Fairness of Classifiers in the Presence of Constraints between Features

arXiv cs.AI / 5/4/2026

💬 OpinionIdeas & Deep AnalysisModels & Research

共有:

Key Points

The paper examines how standard fairness notions for classifiers—specifically independence from protected attributes like gender—can fail when constraints exist between features, masking underlying dependencies.
It proposes a new fairness criterion based on the existence of a “fair explanation,” defined as a prime-implicant reason for the decision that contains no protected features, accounting for feature constraints.
The authors find that ignoring constraints can drastically change whether a decision is considered fair under this explanation-based definition, even when protected and non-protected features are not directly constrained.
They analyze three definitions of classifier fairness (all decisions have fair explanations, at least one decision has a fair explanation, or outcomes are invariant under changes to protected features) and study the computational complexity of testing these properties.

Abstract

In Machine Learning, an accepted definition of fairness of a decision taken by a classifier is that it should not depend on protected features, such as gender.
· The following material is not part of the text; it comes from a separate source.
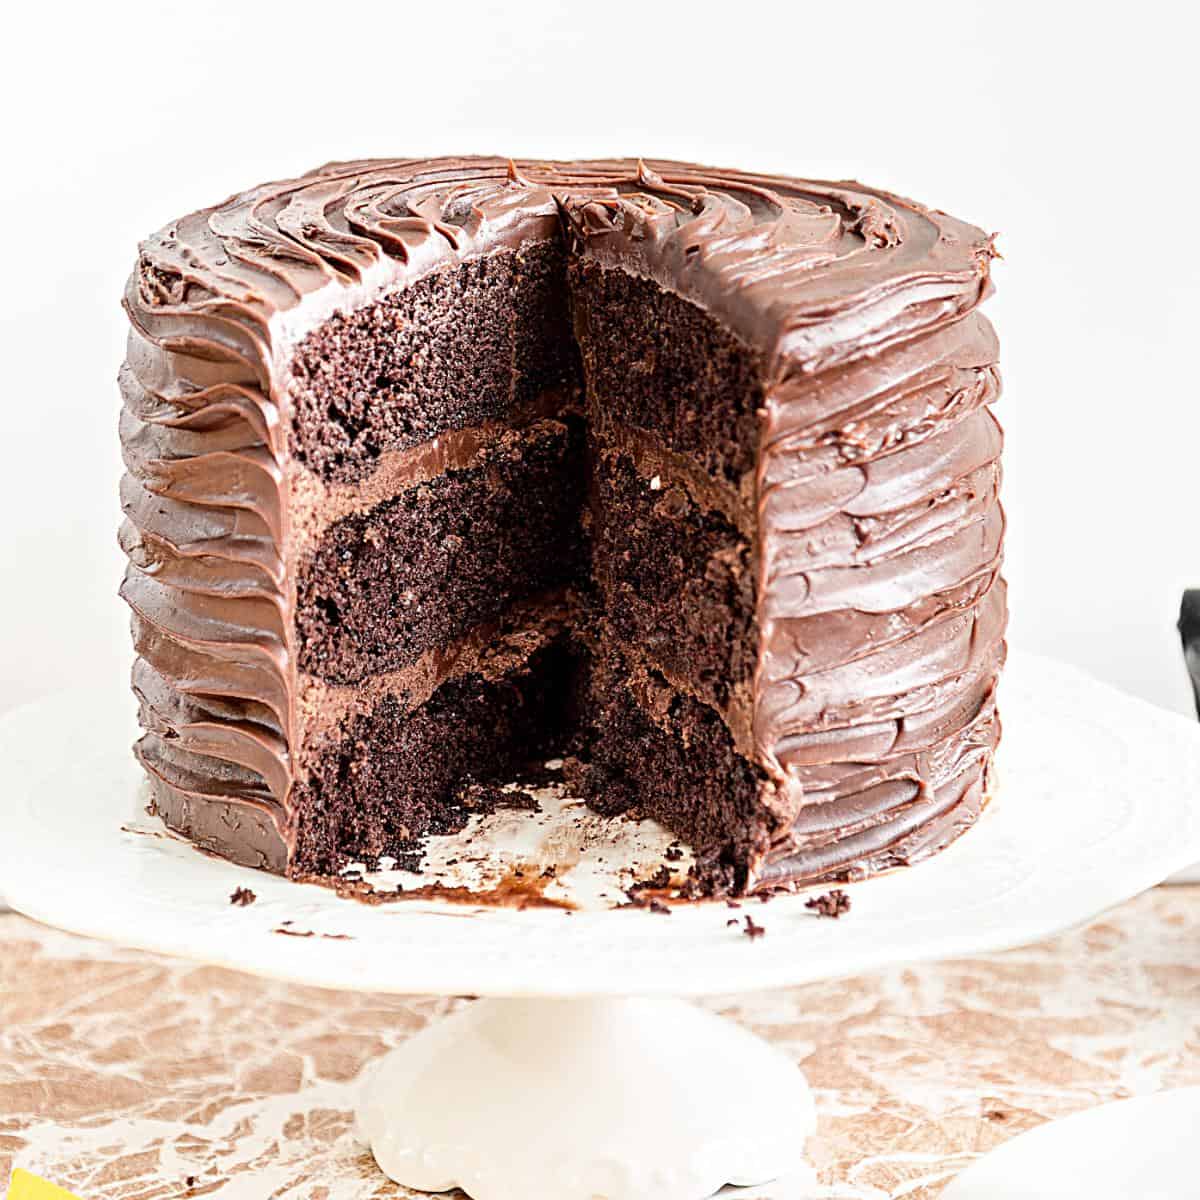 A sliced chocolate cake on the cake stand.

Unfortunately, when constraints exist between features, such dependencies can be obscured by the constraints. To avoid this problem, we propose that a decision be considered fair if it has a fair explanation. We define a fair explanation as a prime-implicant reason for the decision that does not contain any protected feature (where the constraints are taken into account in the definition of prime-implicant). Surprisingly, ignoring constraints can completely change the fairness of a decision (according to this definition) even in the absence of constraints between protected and unprotected features. Three possible definitions of fairness of a classifier are that for all its decisions (1) there are only fair explanations, (2) there is at least one fair explanation, or (3) changing protected features does not change the outcome. We identify the relationships between these different definitions of fairness and study the computational complexity of testing fairness of classifiers.